An axiom is often simply stated by defining a needed entity, then stating the existence of that entity.  For example, axioms that were created due to a needed property include the existence of multiplicative inverses, or defining the number zero then stating its existence.  Usually such definitions are created when such properties seem to hold true, or as being useful properties when problem solving, and searching for when those properties would be true.

Proving that a system of axioms is consistent and complete is often extremely time consuming or sometimes is even impossible.  Therefore, after creating a collection of axioms, often you should carefully check to see of you can find any contradictions among axioms.  Defeasible reasoning guides your careful selection of axioms to check for potential contradictions and when checking for observed or needed mathematical properties.

Sometimes you may consider carefully stating the axioms to be not only sufficient to prove needed truths, but to also be necessary conditions to prove needed truths.

When a specific model will be used in a variety of ways for a variety of applications, then it becomes more important to have a collection of axioms T for the model such that for every partition of axioms T into sub-collections G, A, B (potentially empty), the following happen:

  1. G therefore (A implies not B) does not happen (no contradictions)
  2. G therefore (A implies B) does not happen (no redundancies)
  3. The total number of non-conjoined axioms is minimal, meaning that for any system of axioms S, then S iff T, but T has fewer axioms than S.

One way of trying to accomplish as much of this goal as possible is to implement a method that for each partition of the axioms into two subsets, and then for each axiom in the 2nd subset, you try to find if that axiom can be found to be dis-proven or proven redundant given the 1st subset of axioms.  Such a method in some cases is impossible to fully execute due to Gödel's theorem—especially if the set of axioms can describe arithmetic, and is therefore not always practical.  After satisfying as much of 1-3 that is practical, you may consider which needed statements or theorems depend on which subsets of the axioms in order to know which axioms are required to be satisfied in order to use certain statements.

Impractical Pattern Explanations

Some pattern explanations are not very useful for predicting or controlling circumstances which is usually the purpose of a pattern explanation—intelligent decision making.  For example, dynamical systems in many instances are difficult to use because there is no way of identifying the exact initial conditions of the dynamical system thus making accurate predictions impossible to make. There may be extreme levels of complications in the system you try to model making needed pattern explanations so complicated that problem solving within that model becomes impractical.  There may also be truly random events occurring thus requiring a statistical model.  In fact, a way to overcome describing extremely complex situations is just to “wing it” and use a statistical pattern explanation (model) and accept some degree of error in prediction rather than having to completely do without some kind of a useful model.

Fuzzy Pattern Explanations are statistical pattern explanations, which predicts that a truth value under each specific circumstance would hold a certain percentage of the time while holding all other properties at random (or under some assumed random variable which is hopefully the random variable if selecting an entity were done at random). (In other words, under the assumed sample distribution for other properties of entities, and under the given fixed properties, there is a truth value of a percent T and a percent F)  Truth tables where A is an observation and B is another observation, then to create the truth table of when 100% A with all other properties at random, what are the percent truth values of B?  The closer a fuzzy truth table is to an actual truth table for A implies B, the stronger the relationship is that A causes B.

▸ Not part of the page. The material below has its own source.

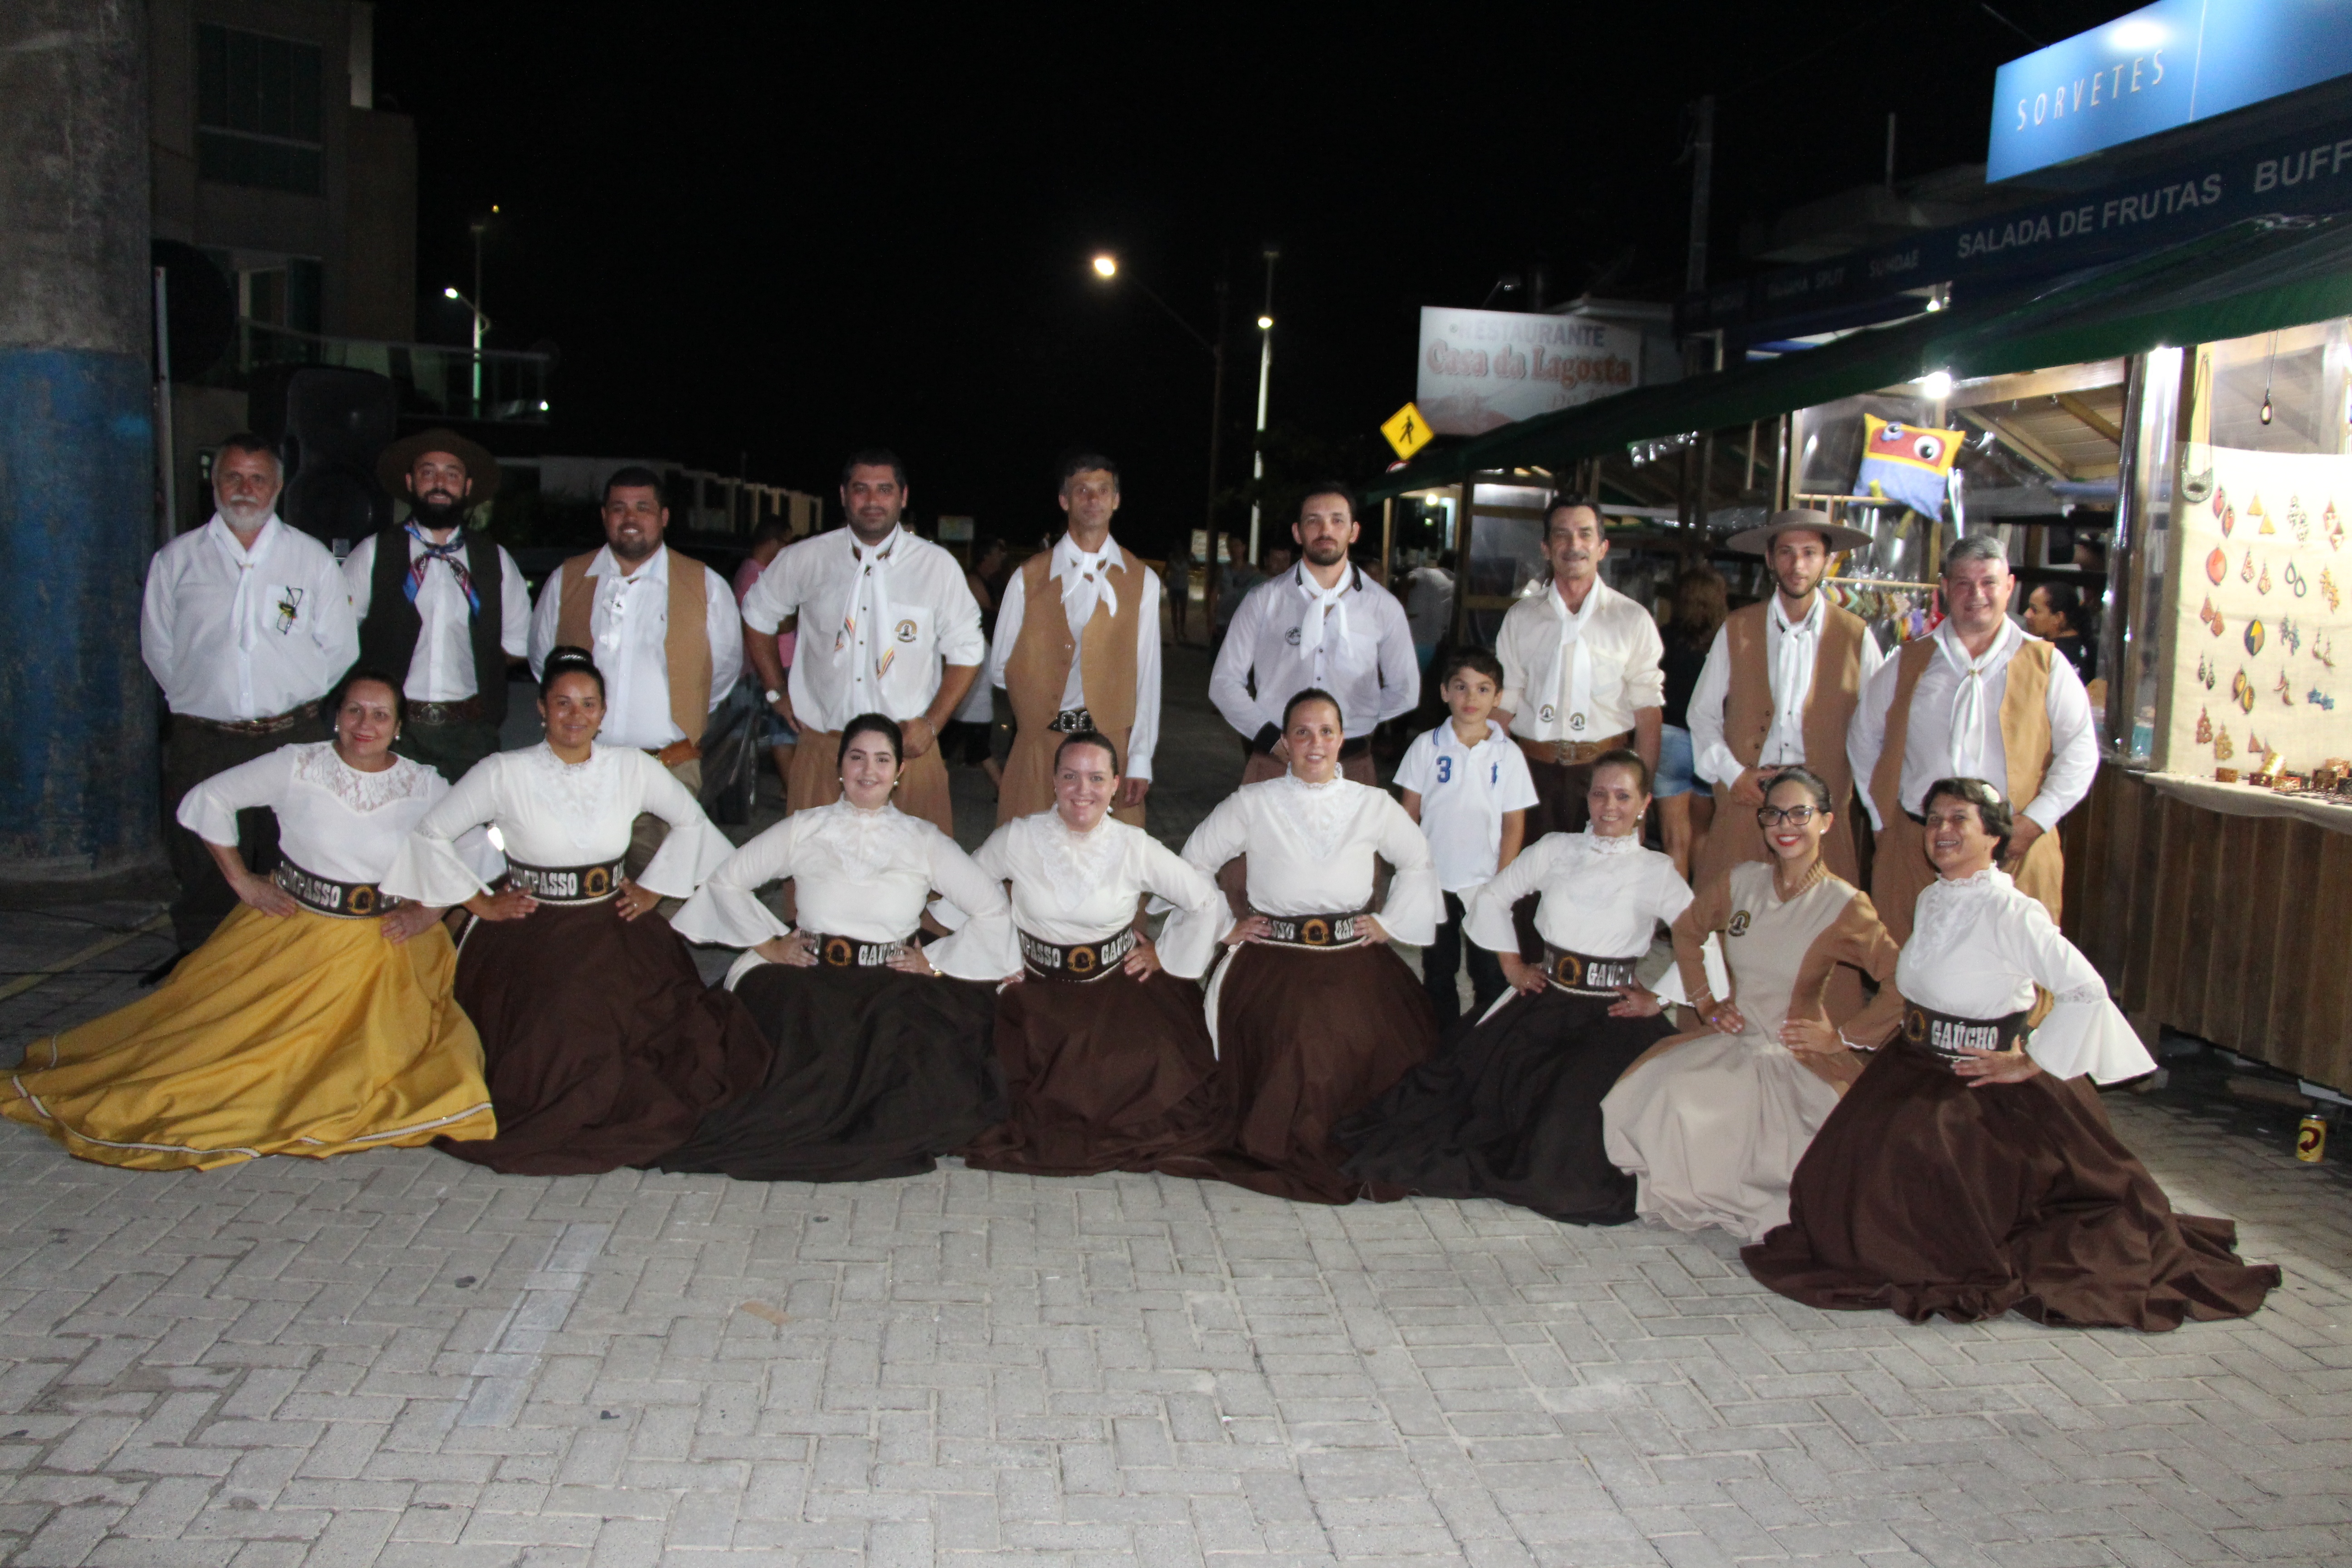 Grupo Compasso gaúcho realiza apresentação de sucesso, recheada de encantamento, no Cultura na Rua.

Zero Order Models by Testing Entity Types

In searching for possibly useful truths, zero order models include trying and testing (creating a model for) those entities that have specific powerful properties or specific different types of properties that distinguish those mathematical entities from other entities of its type.  This is done after separating the entities into classes based upon their properties and powers to test elements from each class.  For example, testing large positive numbers, small positive numbers, small negative numbers, large negative numbers, zero, and one.  For another example, in functional equations, test f(0) because zero is powerful due to important properties of zero that can only be exploited by zero.  You can also exploit properties of unique classes of entities such as zero by considering when the output of a function in question has that entity type as its output.  For example, you may consider what values “a” cause the function f to satisfy f(a) = 0, or 1.  It is important to test elements in various groups according to their different types of mathematically manipulative powers or unique properties.  Then after testing 0 and 1, you may consider testing the rational numbers which are another specific class of numbers with distinguishing properties, etc.  Then you may find the implications in your problem that result from testing those points.  Another example of testing a class of mathematical entities that have specific distinguishing or powerful properties is testing the natural numbers for 1 then 2, and so on trying to see a pattern that you may be able to later prove by using induction.  Classes of real numbers may include naturals, rationals, irrationals, big, small, negative, positive, zero, non-zero, one, between zero and one, or combinations of these classes.  If the entities of interest are functions (instead of numbers from the previous example), then classes of entities to test in your problem could be step functions, the zero function, constant functions, the identity function, L2 functions, and many classes of entities similar to choosing from classes of numbers.

A sub-method to find a pattern whose statement requires use of propositional logic:

1.  Consider what type of formula you are interested in.  Truths should be sought that are potentially useful.  For example, you may need to find when statement C is true (caused or implied) by combinations of truth values of other statements.  You may need to find a fuzzy truth table using a fuzzy pattern explanation.  You may interested in when A or B, or some other logical connective is true based on needs during problem solving.

 

2.  If you are trying to find when an implication occurs for statement C, then consider all possible combinations of truth values for potentially affecting atoms A, B, D, etc.  Then observe when C is true for each combination of truth value, and construct a formula that would have the associated truth table for the logic statement .

3. If you are interested in the truth value of a connective between two atoms, or a combination of connectives among atoms, then simply test the truth table by testing all possible combinations of truth values of atoms involved.

A sub-method to find a pattern whose statement requires use of first or second order logic:

1.  Observe.  Use defeasible reasoning to consider measures or properties that seem important, and list those that seem important.  Observe or if needed, create experiments to observe when circumstances allow potentially useful properties to exist.  This creates a statement using existential quantifiers (PROPERTY).

2.  The order of the quantifiers makes for a different logical statement when changing some existential quantifiers to a universal.  Choose several of the possible orderings of the quantifiers that would be useful for your needs to consider continuing experimentation for generalization of quantifiers.  You can only interchange the order of two neighboring quantifiers if they are the same quantifier.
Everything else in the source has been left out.